According to Quantum Mechanics, even empty space is not completely empty. Space is filled with short-lived particle-antiparticle pairs that appear and disappear, also known as vacuum fluctuations. Although their presence is subtle and cannot be observed directly, the fluctuations interact with atoms, acting as noise that induces an atom in a higher-energy state to drop to a lower energy state while emitting a photon. Hence, the manipulation of vacuum noise is crucial to design applications that employ light-emission control, photovoltaics, and quantum information processing.
photonic crystal structure with a structure similar to a diamond crystal
Figure 1. Left: schematic of the photonic crystal structure with a structure similar to a diamond crystal. The crystal consists of cylindrical pores perpendicular to each other in a silicon backbone. When the crystal has a band gap, vacuum fluctuations (red wavelets) are forbidden from entering. Right: Density of vacuum noise versus crystal emitter position inside the crystal calculated by the Greek-Dutch-US team (blue circles) and exponential model (blue line). The density in free space is at level 10°=1. (Image courtesy of the researchers)
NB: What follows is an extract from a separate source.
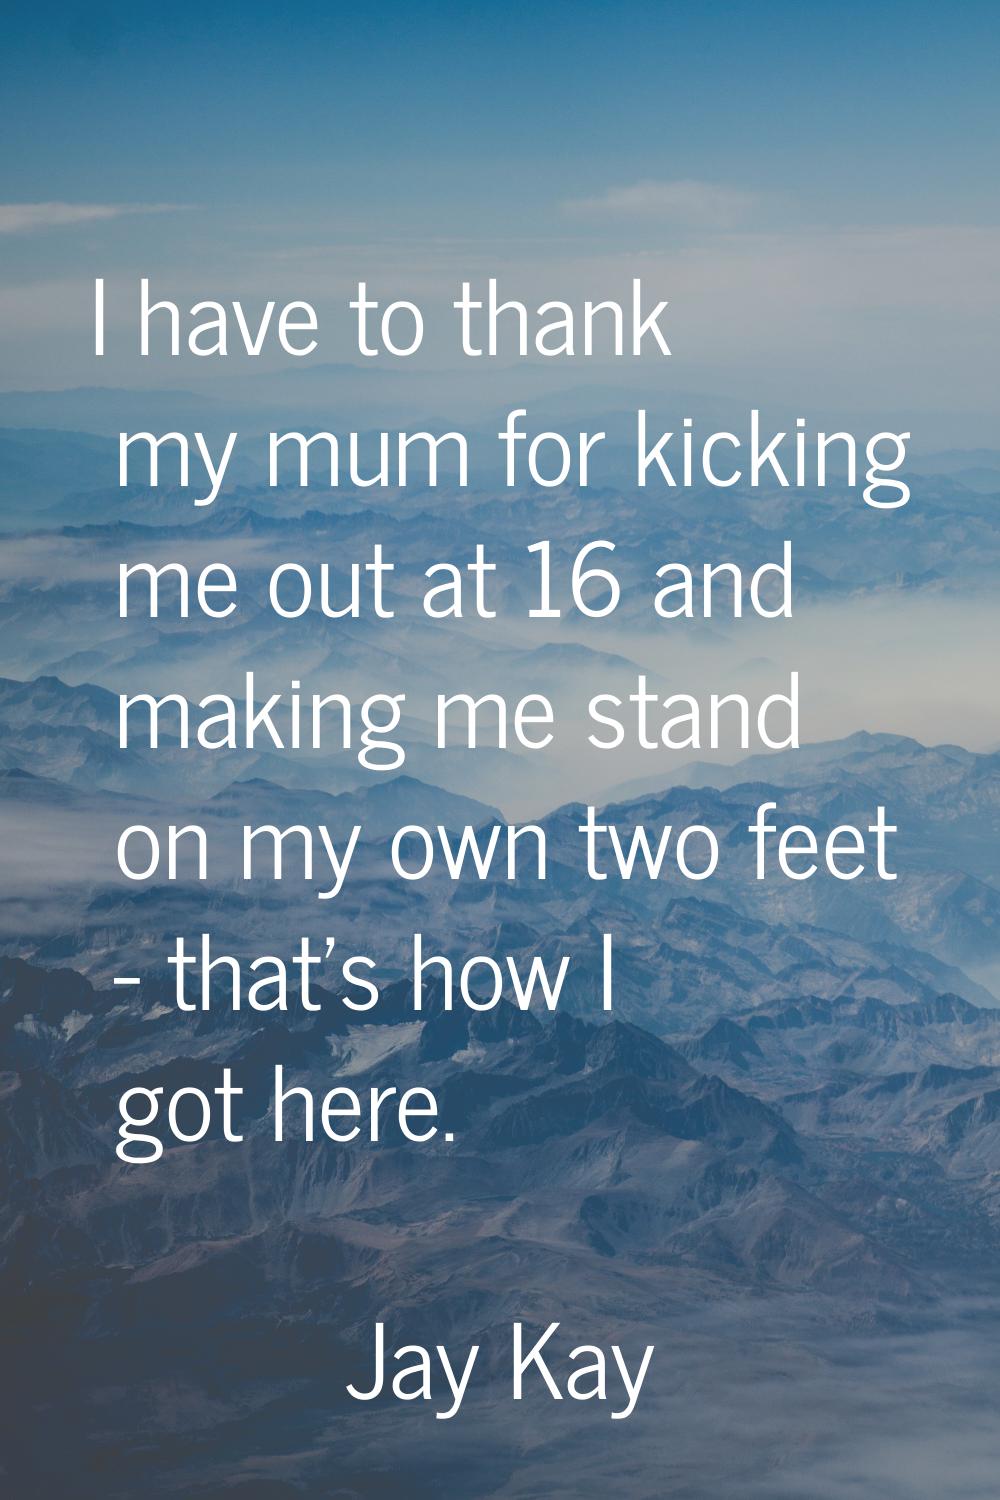 I have to thank my mum for kicking me out at 16 and making me stand on my own two feet - that's how

Ever since the 1950s, scientists have tried to understand and manipulate the vacuum noise by either enhancing or suppressing them, depending on the application. And the natural question that arose is: Is there any way to achieve really “empty” space? In other words, to even forbid the vacuum fluctuations?
Photonic crystals can do just that: they control the vacuum noise by consisting of a periodic stack of layers or a periodic arrangement of holes in a bulk material (see Figure 1). It appears that vacuum fluctuations in a broad range of wavelengths are forbidden to enter the photonic crystal. This range of wavelengths is called the photonic band gap. This implies that an atom in an excited state inside an infinite photonic crystal would always remain excited! Therefore, no photons would be emitted.
In an infinite photonic crystal, the density of vacuum noise in the photonic band gap range is exactly equal to zero. However, in reality, photonic crystals are always finite, allowing the vacuum fluctuations to enter the crystal. This leads to the important question on the dependence of the vacuum fluctuations on the size and the position of the “atoms” inside the crystal.
The team of scientists from Greece, the Netherlands and the USA have tackled this question by computing the density of vacuum fluctuations at different positions inside a three-dimensional photonic crystal with the diamond-like structure (Figure 1, left). The crystal consists of two orthogonal arrays of holes of air in silicon. It appears that the deeper we move inside the crystal, the smaller the density of vacuum fluctuations becomes; the density decreases exponentially with depth (see Figure 1 right).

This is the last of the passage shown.